There is an awful lot of misunderstanding and assumptions made by right handers about left handers going on here.  Let me try and shed some light and give you my perspective as a lefty.  Anything that requires each hand to do something different will generally have an orientation preference for leftys & rightys.

Polyal asked "when a beginner picks up a guitar for the first time  neither hand as a clue what to do from
the outset  so why the ' other way round ' preference ?"

You could ask the same thing about lots of activities that a child or baby learns.  They don't know how to do it, nor are they aware they are left or right handed, but they still have a preference.  It is how their brain is wired.

When I was young I always wanted to play left handed - it felt natural.  I wasn't copying anyone.  I think it is to do with the use of a tool and the dominant hand is nearly always used to hold tools. Holding a pick isn't that dissimilar to holding a pen for example.   As stated before fretting is alien to both hands.  So for me it feels natural to play left-handed because it feels natural to hold the pick with my left hand and using the pick is a more intricate activity for the hand as a whole (as opposed to individual fingers with fretting). 
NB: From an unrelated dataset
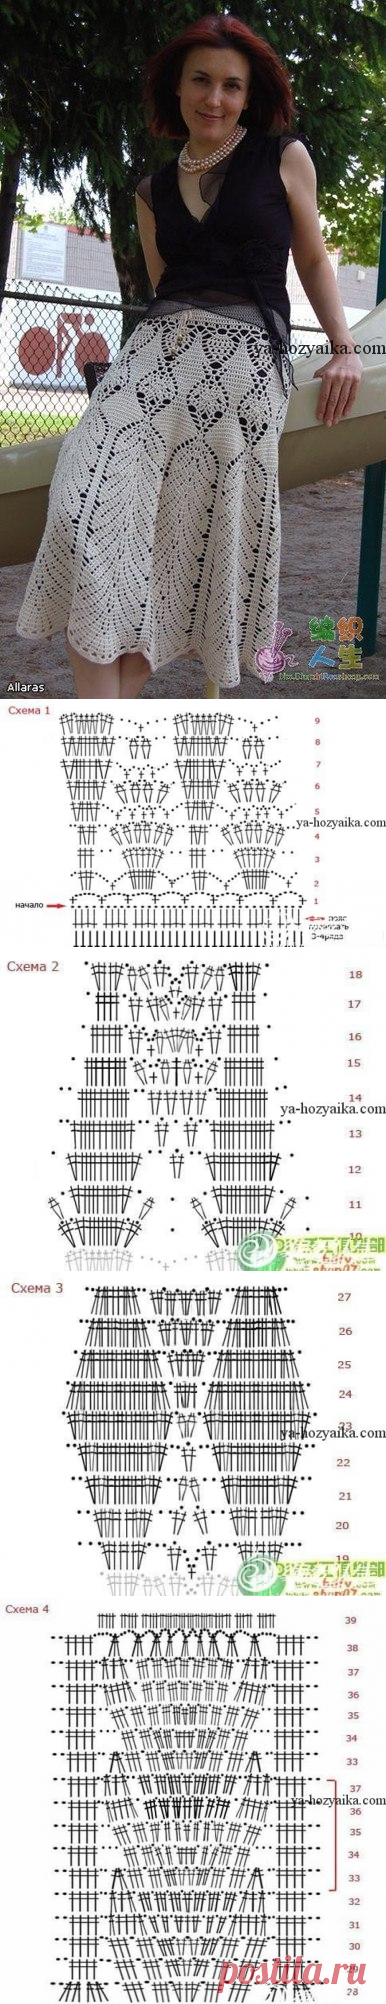 Летняя юбка крючком схема. Юбки с ажурным узором для женщин

Left handers are not at any advantage playing right handed guitars.  That is is something made up by people who aren't left handed due to the mistaken belief that a dominant hand equals finger independence.  It doesn't.  If this were the case at least some right-handers would play left-handed to take advantage of this benefit and they don't.  Left handers play right handed for other reasons:  there is a vastly larger selection of right handed guitars, left haded guitars usually cost more, 90% of them are black, tab & notation is in general easier to read, other learning materials are dedicated to right-handers & lefties are often treated as if they should just shut up and become right handed.

Left handed guitars are not a gimmick.  Who in their right mind would come up with a gimmick of producing instruments that only have the possibility of appealing to a maximum of 10% of the population (& in reality is less than that due to the number of leftys playing righty)?  And who in their right mind would buy them given the aforementioned reasons if there wasn't a fundamental reason for them?

I am genuinely shocked to hear a teacher call left-handers "backward".  I understand better than most the reasons for leftys playing righty, but for some kids playing right handed will be much more difficult.  Having a greater choice of guitars is no use if you give up because you found it too hard.